Problem requirements:
The task for the listing below is to write out exactly the lines starting at the one containing "Firebird 27 logo" and ending at the one containing "Veritas Veil - Prototype", both included. Pictures are to be omitted.

Data supplied:
========================
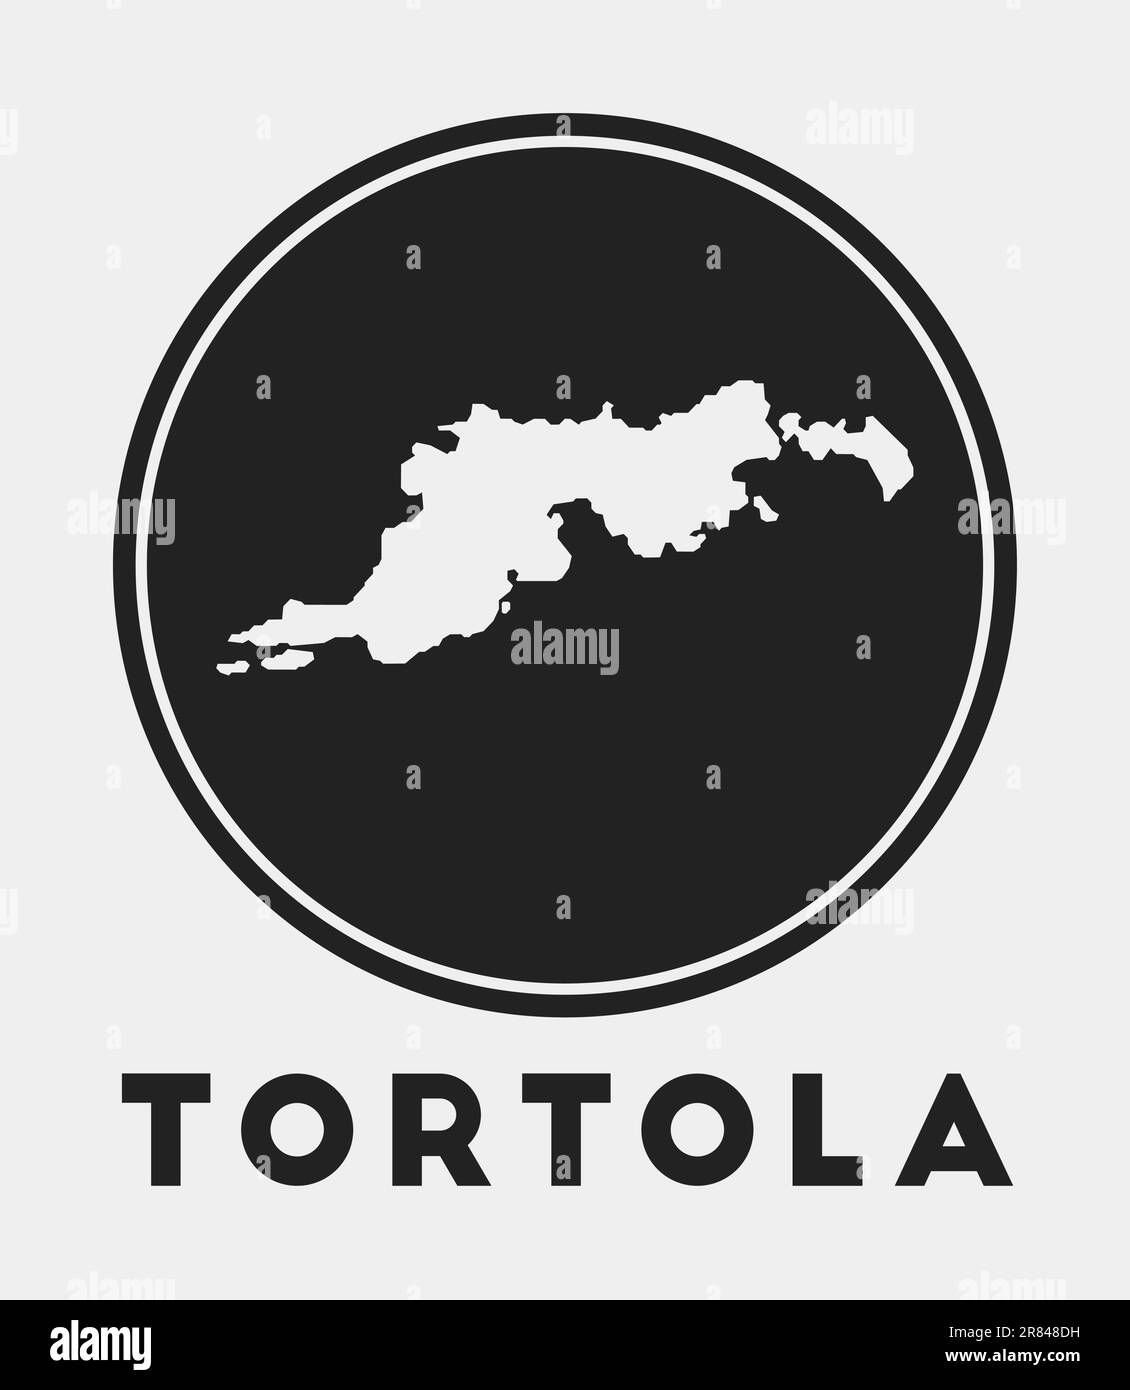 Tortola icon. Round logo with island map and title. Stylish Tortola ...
========================
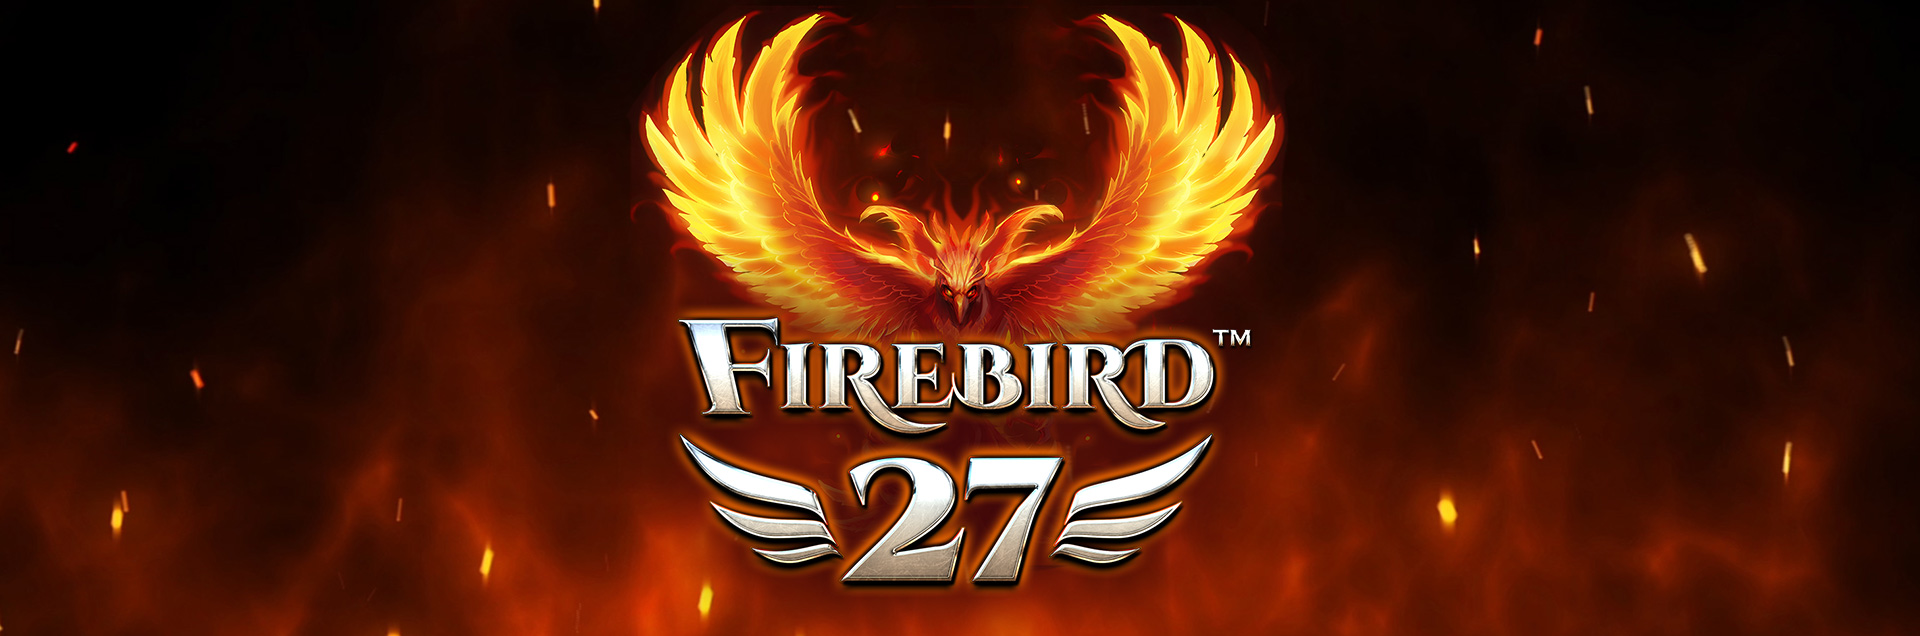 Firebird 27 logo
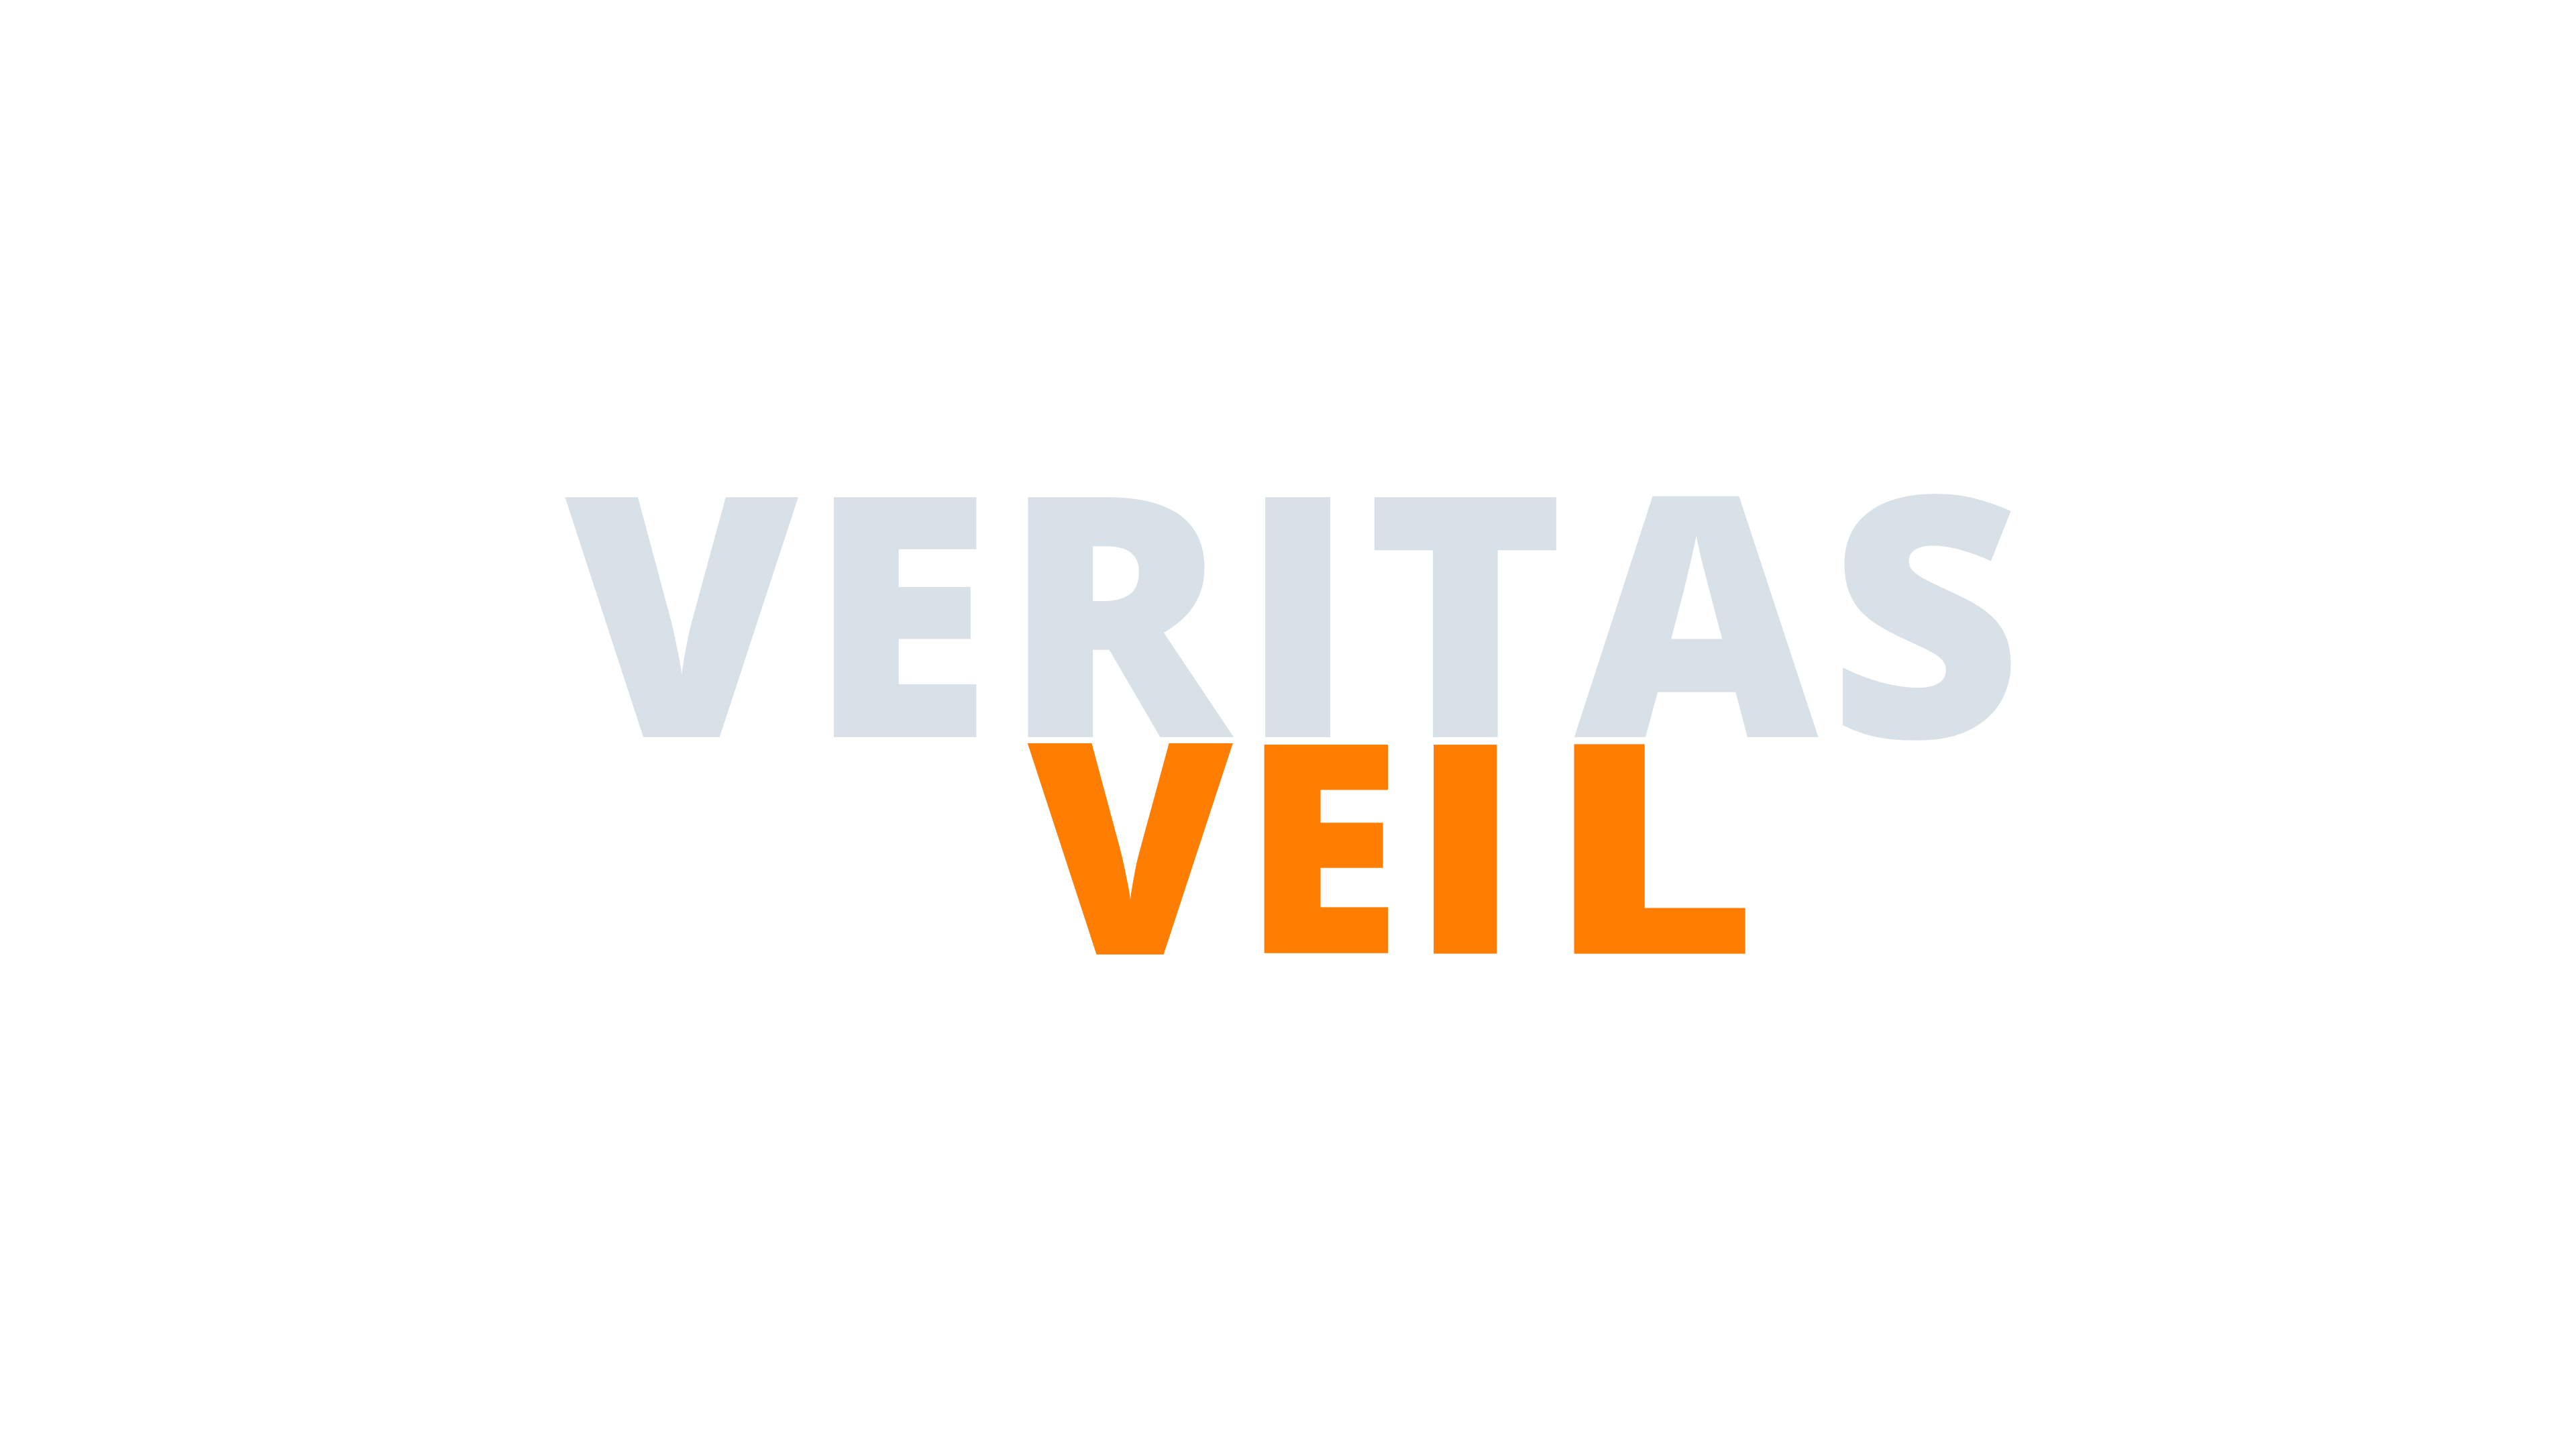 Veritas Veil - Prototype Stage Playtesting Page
========================
Solution to the exercise:
 Firebird 27 logo
 Veritas Veil - Prototype Stage Playtesting Page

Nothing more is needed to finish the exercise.